This empirical evidence for the presence of a 7^N factor in emerging complexity and evolution is of course preliminary, but more examples can be found. However, considerably more effort will be needed before it can be said to be fully established and its scientific implications understood.

4.5 Entropy increase, the 2^nd Law of thermodynamics and evolution.

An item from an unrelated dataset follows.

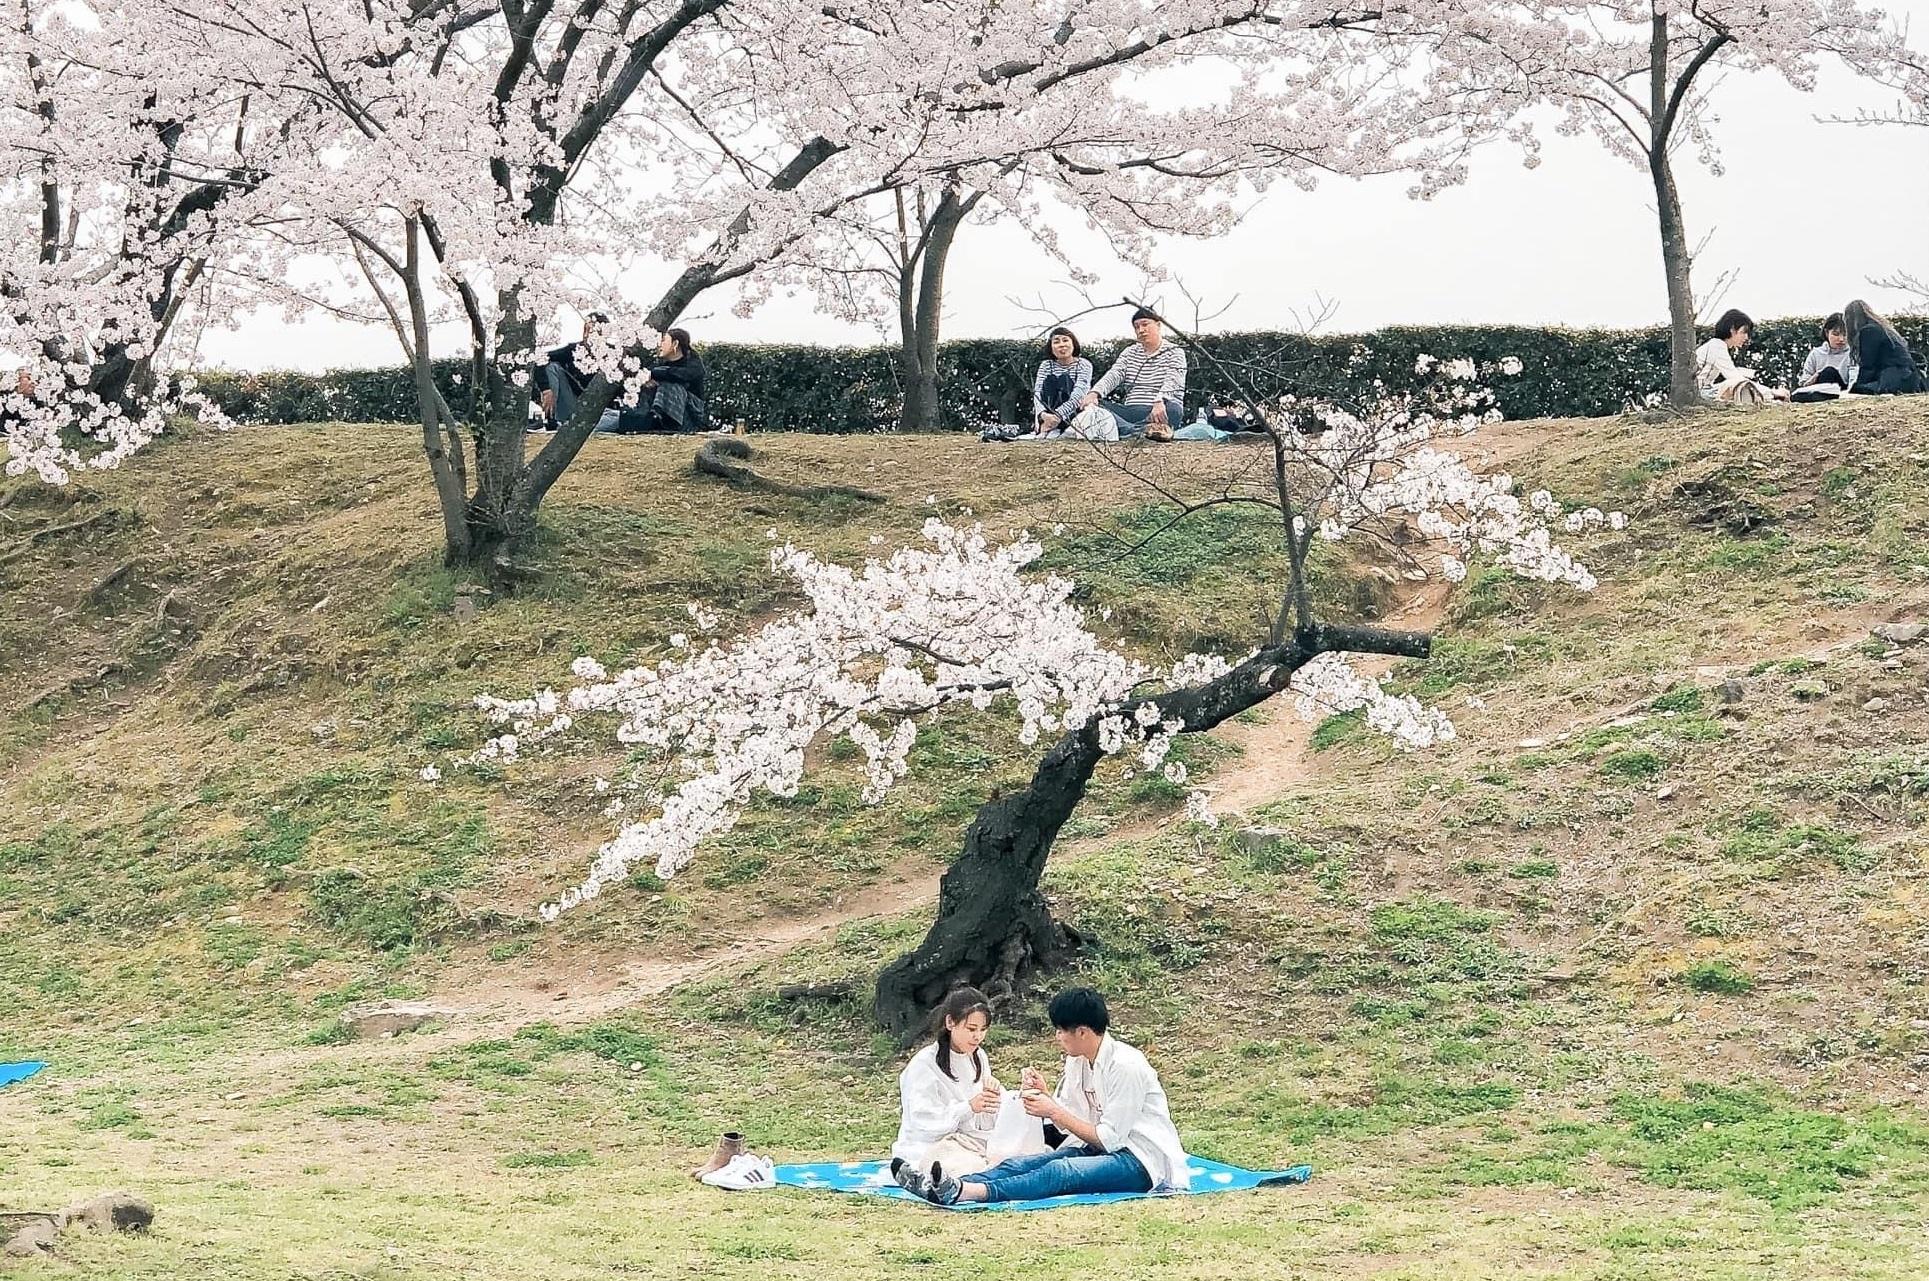 Có một mùa hoa anh đào Nhật Bản đẹp đến tan chảy qua ống kính của du học sinh người Việt: Một khi đã xem thì chẳng thể rời mắt được - Ảnh 11.

We have repeatedly mentioned the problem presented to all theories of evolution by the 2^nd law of thermodynamics, which states that in natural processes entropy must always increase i.e. dS = + dQ/dt. Since the emergence of biological order in the living cell represents a clear decrease in entropy, this has always been a problem to explain. Brooks and Wiley [ 1 ] have endeavored to account for this contradiction or barrier by postulating that, while total entropy does always increase, still, locally, for example in a living cell, the entropy may decreases if the necessary increase in entropy somehow gets exported to the cell ‘s exterior environment. Although this approach has not met with general acceptance, it does go directly to the heart of the problem.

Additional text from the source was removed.